Deste modo, Anne foi para o trabalho tentando não deixar que seus pensamentos pessimistas influenciassem em seu humor. Acabou chegando antes de Cole e Diana e foi direto para o escritório, pois precisava verificar as contas daquela semana, e comparar com as vendas do ano anterior naquele mesmo período para que pudesse ter uma visão realista de como seus negócios estavam sendo conduzidos
Um cenário nada animador a esperava em seu livro caixa, e embora estivesse preocupada com a queda contínua das vendas, Anne ainda acreditava em uma reviravolta nos próximos meses. Já tinham enfrentado períodos difíceis antes, e sempre conseguiram dar a volta por cima, por isso ela se recusava a perder o ânimo ou as esperanças.
O horário do almoço chegou, mas ela decidiu terminar seus trabalhos pendentes.
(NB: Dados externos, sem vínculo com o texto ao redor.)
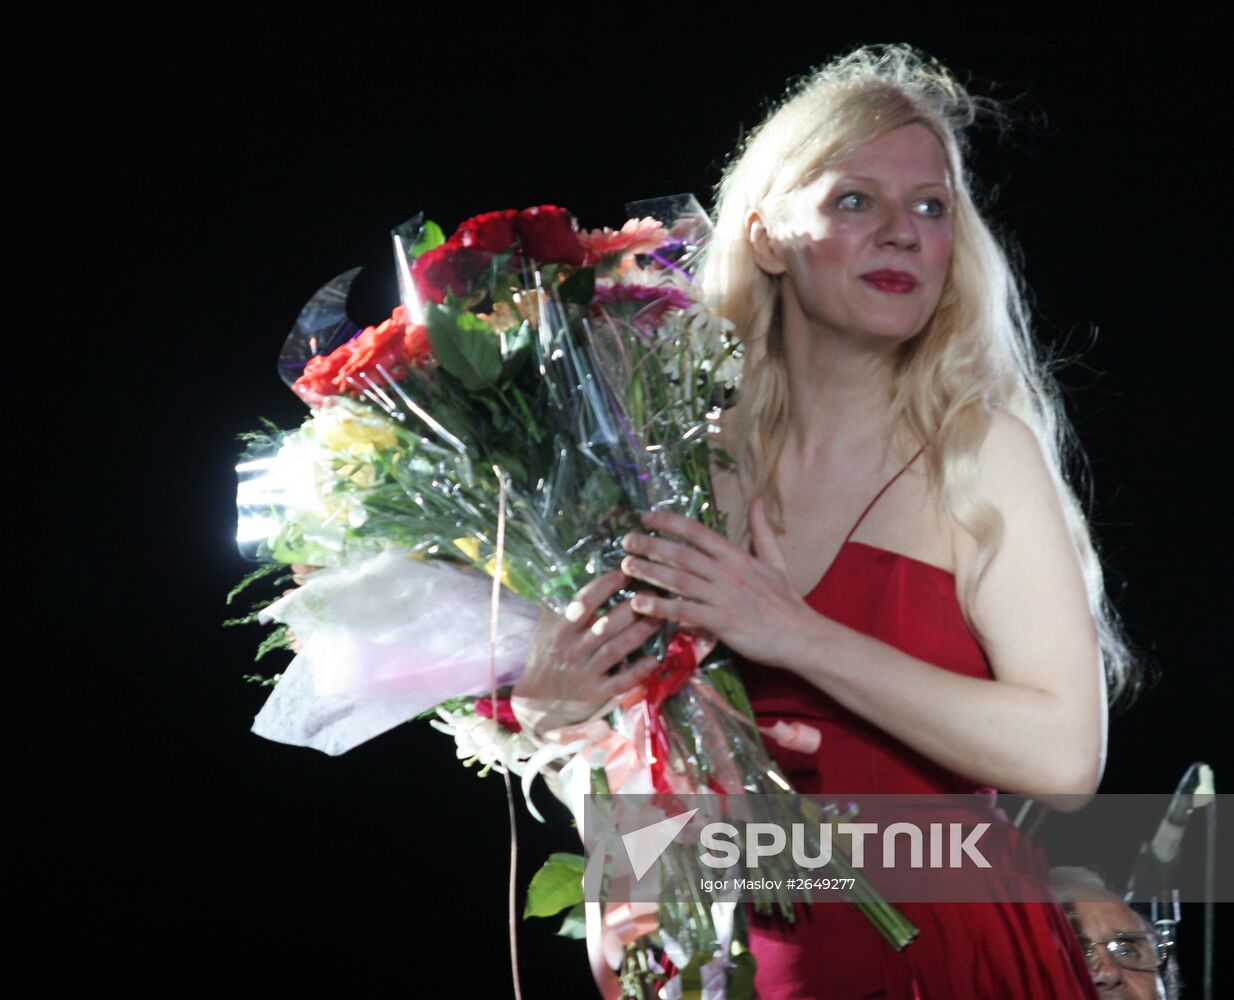 US pianist Valentina Lisitsa visits Donetsk

Gilbert não tinha ligado, mas ela imaginava que ele estaria ocupado com o escritório e com sua mãe, por isso ela decidiu não mandar nenhuma mensagem para não dar a impressão de que estava marcando território enquanto a sua maior rival que curiosamente não era uma outra garota, e sim a ex- Sra. Blythe, estava tomando toda a atenção do rapaz para si.
Ela estava sentindo falta de uma boa conversa, mas tanto Cole quanto Diana estavam extremamente ocupados com tarefas da livraria, por isso ela não os interrompeu, e pediu que viessem ao seu escritório para jogarem conversa fora e relaxar. Em vez disso, ela ligou para a mãe que lhe garantiu que estava ótima, e que ela não precisava se preocupar. Dessa forma, Anne passou o resto do dia trabalhando e totalmente concentrada na contabilidade da loja.
Assim como Anne, Gilbert se mantinha extremamente ocupado naquele dia, e depois de uma longa e estressante reunião com novos fornecedores e clientes, ele conseguiu sair do escritório para se encontrar com a mãe que já o esperava na recepção da livraria, e parecia totalmente impaciente pela maneira como mexia as pernas e passava as mãos nos cabelos.
-Desculpe a demora, mamãe. Podemos sair para almoçar imediatamente se quiser. - o rapaz disse, beijando-a no rosto.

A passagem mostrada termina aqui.